Kedua mata Hara terbuka lebar, air mukanya mulai
berubah menjadi ketakutan dan memucat.
“A.. apa yang kau katakan…?” tanyanya pelan.
“Aku bilang, berapa Park Jung Soo membayarmu?”
ujar Narin mengulangi pertanyaannya. “Berapa yang ia bayar untuk merekayasa
berita kehamilan palsumu, Hara-ssi?”
Hara merasa jantungnya berhenti berdetak saat
ini. Terlebih dengan tatapan menusuk yang Narin tujukan padanya. Ia menciut di
hadapan gadis itu. Hancur sudah, semuanya sudah terbongkar.

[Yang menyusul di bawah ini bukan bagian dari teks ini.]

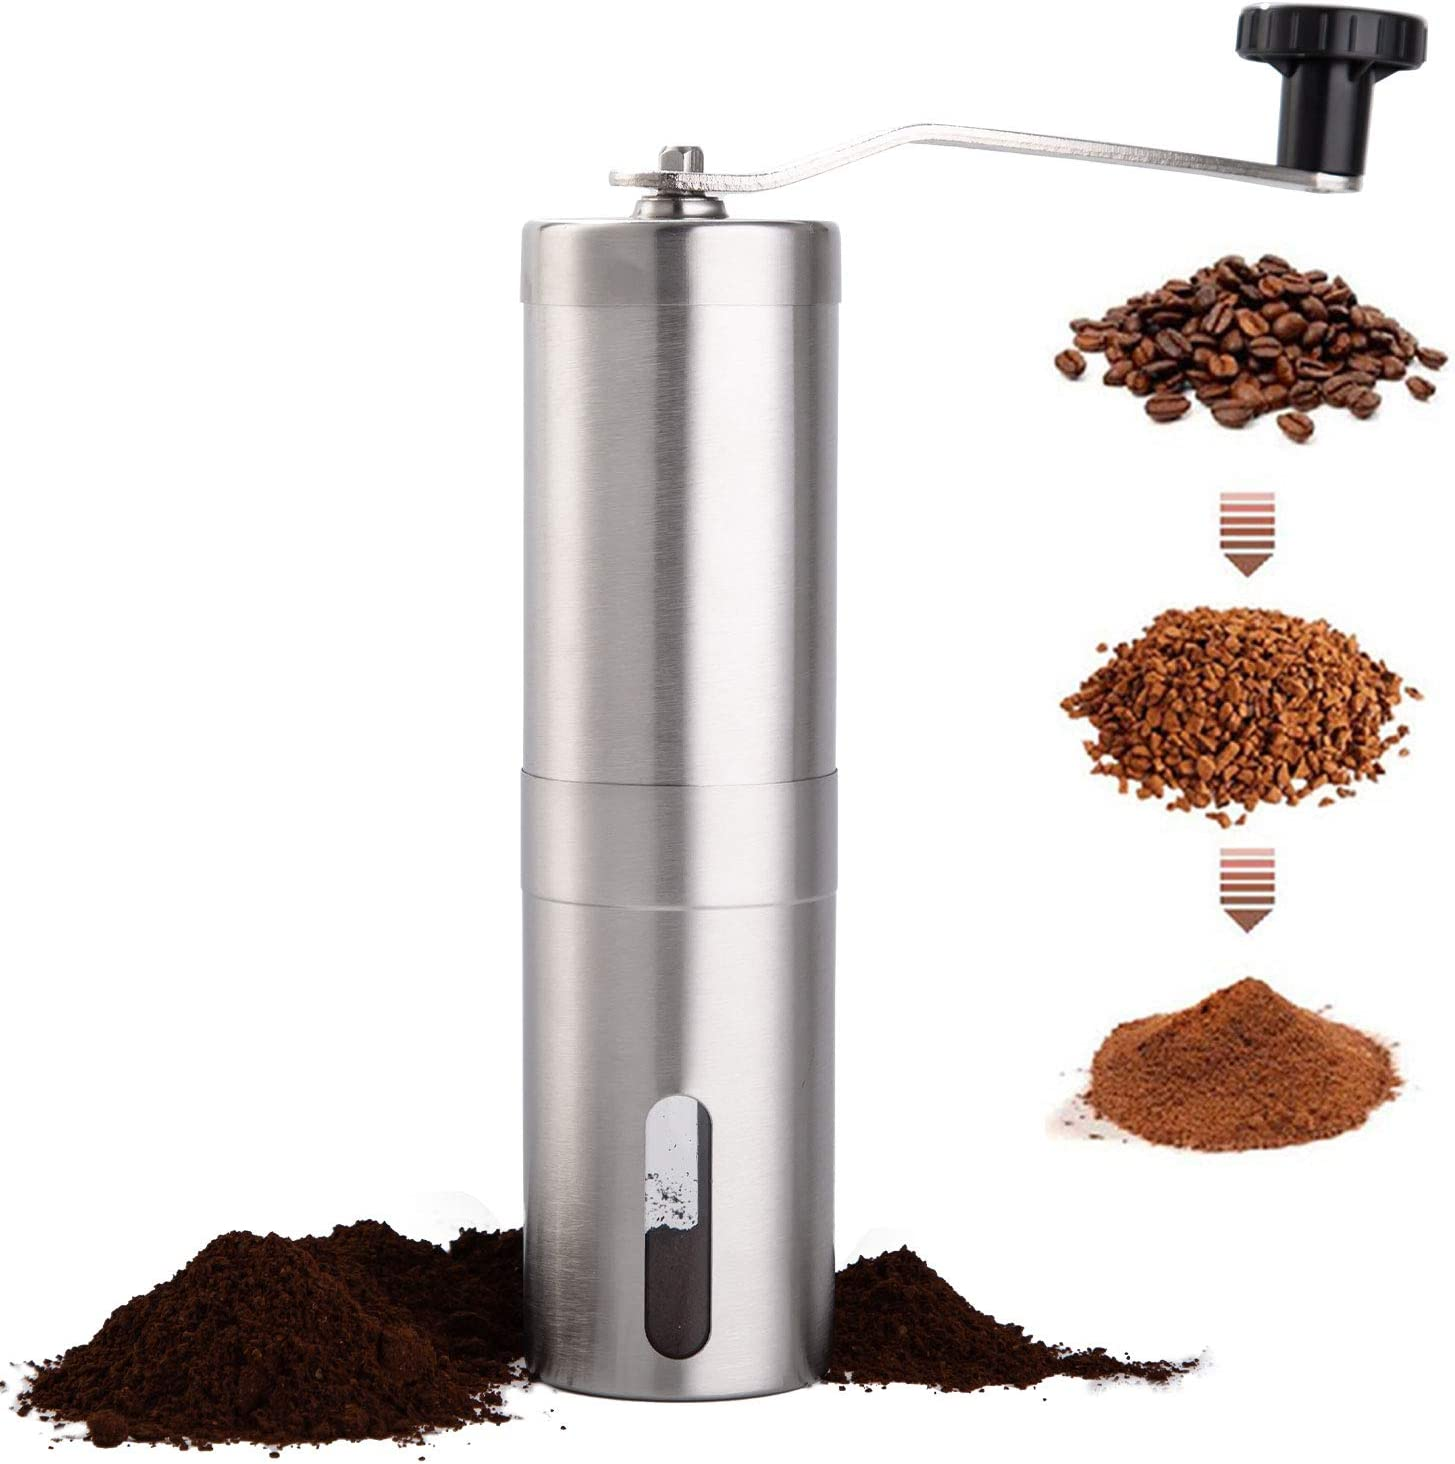 PARACITY Manual Coffee Bean Grinder, Stainless Steel Hand Coffee Mill Ceramic Burr for Aeropress, Drip Coffee, Espresso, French Press, Turkish Brew

“A.. apa yang… Aku…” ucap Hara tak beraturan.
Sedetik kemudian ia sudah beringsut mendekati
Narin dan bersujud di depan gadis itu. Ia membuang semua rasa malu dan harga
dirinya. Ia tidak memedulikan image-nya lagi. Yang terpenting sekarang adalah
ia tidak mau dijebloskan ke dalam penjara karena tuduhan penipuan seperti yang
ia lakukan pada Jongwoon.
“Aku mohon… Jangan laporkan aku… Aku… Aku
hanya..” ucap Hara sambil menitikkan air matanya dengan tetap bersujud pada
Narin.
Narin hanya menatap Hara dengan tatapan datar.
“Ini belum terlambat, Hara-ssi. Kau harus mengakhiri semua ini,” ucap Narin mencoba membuka
hati Hara.
“Mwo…?”
Hara mengangkat kepalanya menatap Narin dengan kedua matanya yang berair.
“Beritahu Jongwoon tentang apa yang sebenarnya
terjadi, dan aku akan memberitahu Hyemi. Mereka berdua saling mencintai, Hara..
Dan aku tidak mau mengorbankan perasaan sahabatku,” ujar Narin dengan tatapan
teduhnya.
Hara menundukkan wajahnya, menghindari tatapan
Narin yang mampu menyentuh hatinya yang terdalam.
“Tapi, terlambat… Ini sudah terlambat, Narin-ssi…” ucapnya dengan suara serak,
membuat Narin menaikkan sebelah alisnya dan menatap Hara penuh selidik.
“Apa? Apa maksudmu?” tanya Narin dengan nada bicara
yang mulai meninggi.
“Jongwoon… Dia akan berangkat ke Paris siang ini.
Dia bilang dia ingin mengurus perusahaan keluarganya yang sudah ia telantarkan
di Paris. Ia ingin membangun keluarganya di sana, tanpa bayang-bayang masa
lalunya, Park Hyemi…” jelas Hara yang membuat kedua mata Narin terbuka lebar.
“Apa katamu…?!” geram Narin.
Tanpa memedulikan Hara yang masih bersimpuh di
hadapannya, Narin bangkit dan menatap Hara dengan tatapan tajamnya yang seolah
ingin segera melelehkan wanita jahat itu.
“Kita harus menghentikan semua ini secepatnya!
Aku harap kau segera sadar akan kesalahanmu dan melakukan yang semestinya kau
lakukan,” ujar Narin seraya berjalan menuju pintu depan dan pergi dari
apartemen itu.
Ia meninggalkan Hara yang masih bersimpuh di
tempatnya, menghapus sisa air matanya dengan perasaan bersalah.
“Maafkan aku, Jongwoon…”
**
Pria angkuh
itu menatap malas yeoja yang menatapnya dengan tatapan bingung bercampur pedih.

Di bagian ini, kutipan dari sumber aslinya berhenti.